DATA TO PROCESS START
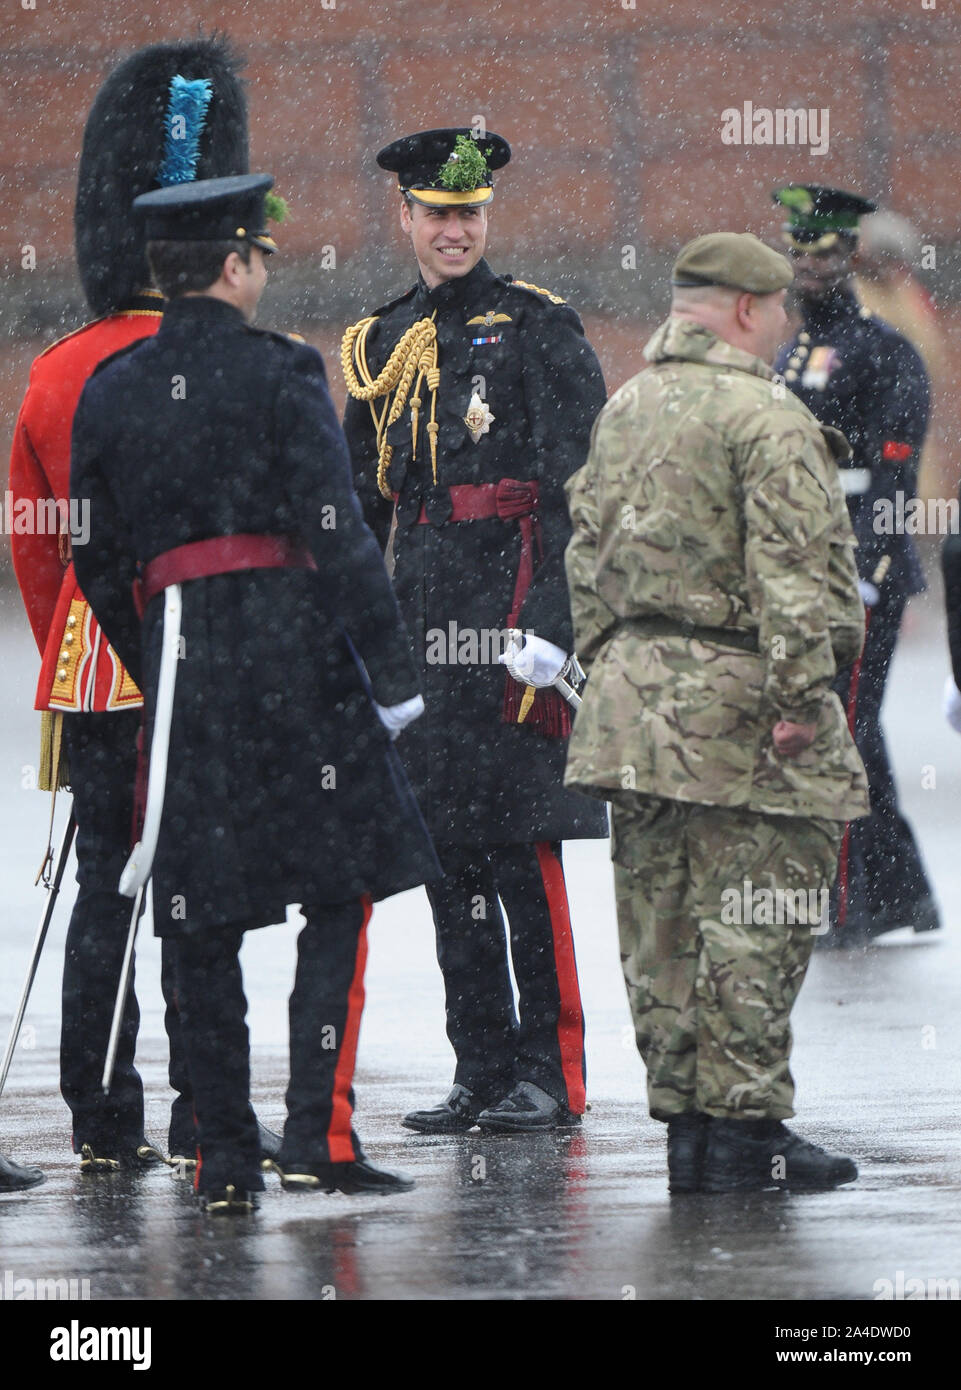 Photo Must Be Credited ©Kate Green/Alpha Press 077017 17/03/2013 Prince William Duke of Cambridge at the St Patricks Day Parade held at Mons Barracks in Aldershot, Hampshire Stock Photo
DATA TO PROCESS END
DATA TO PROCESS START
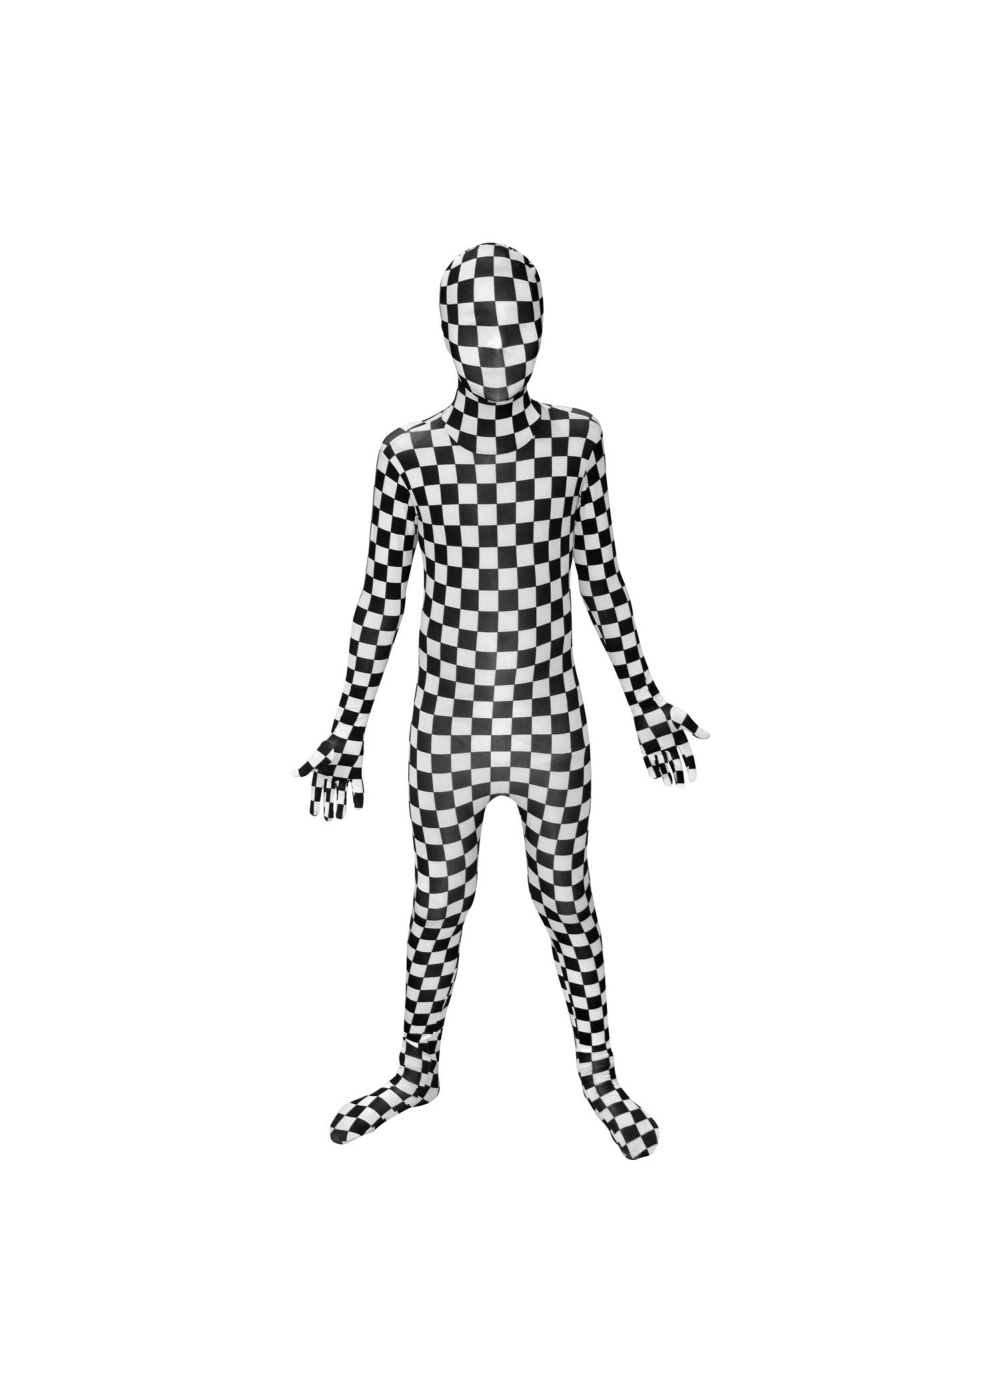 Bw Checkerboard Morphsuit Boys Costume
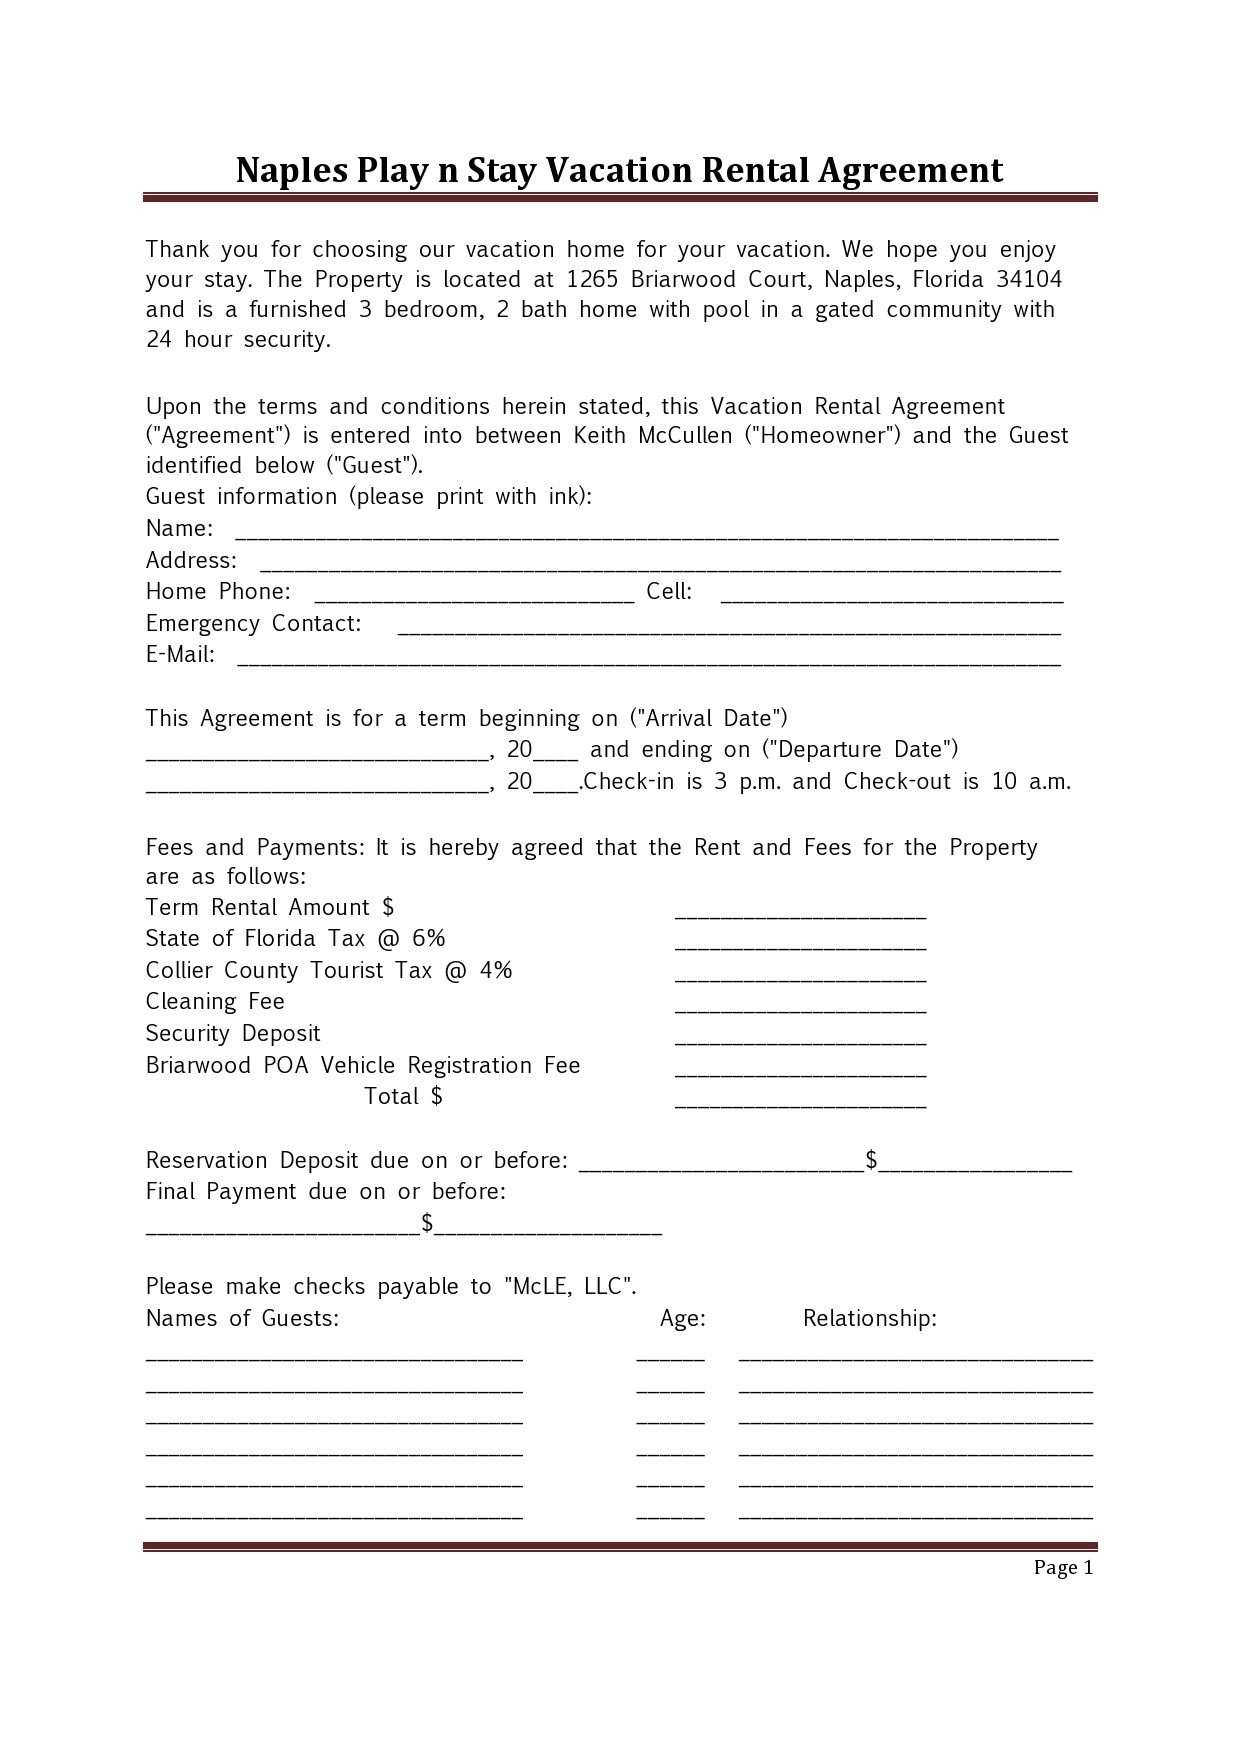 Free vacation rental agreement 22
DATA TO PROCESS END
- **WHAT YOU SHOULD DO**
Only the lines starting at the one with "Bw Checkerboard Morphsuit Boys Costume" and ending at the one with "Free vacation rental agreement 22" should be printed, each exactly as it appears in the material above; the pictures are to be omitted.

- **OUTPUT FOR THIS TASK**
 Bw Checkerboard Morphsuit Boys Costume
 Free vacation rental agreement 22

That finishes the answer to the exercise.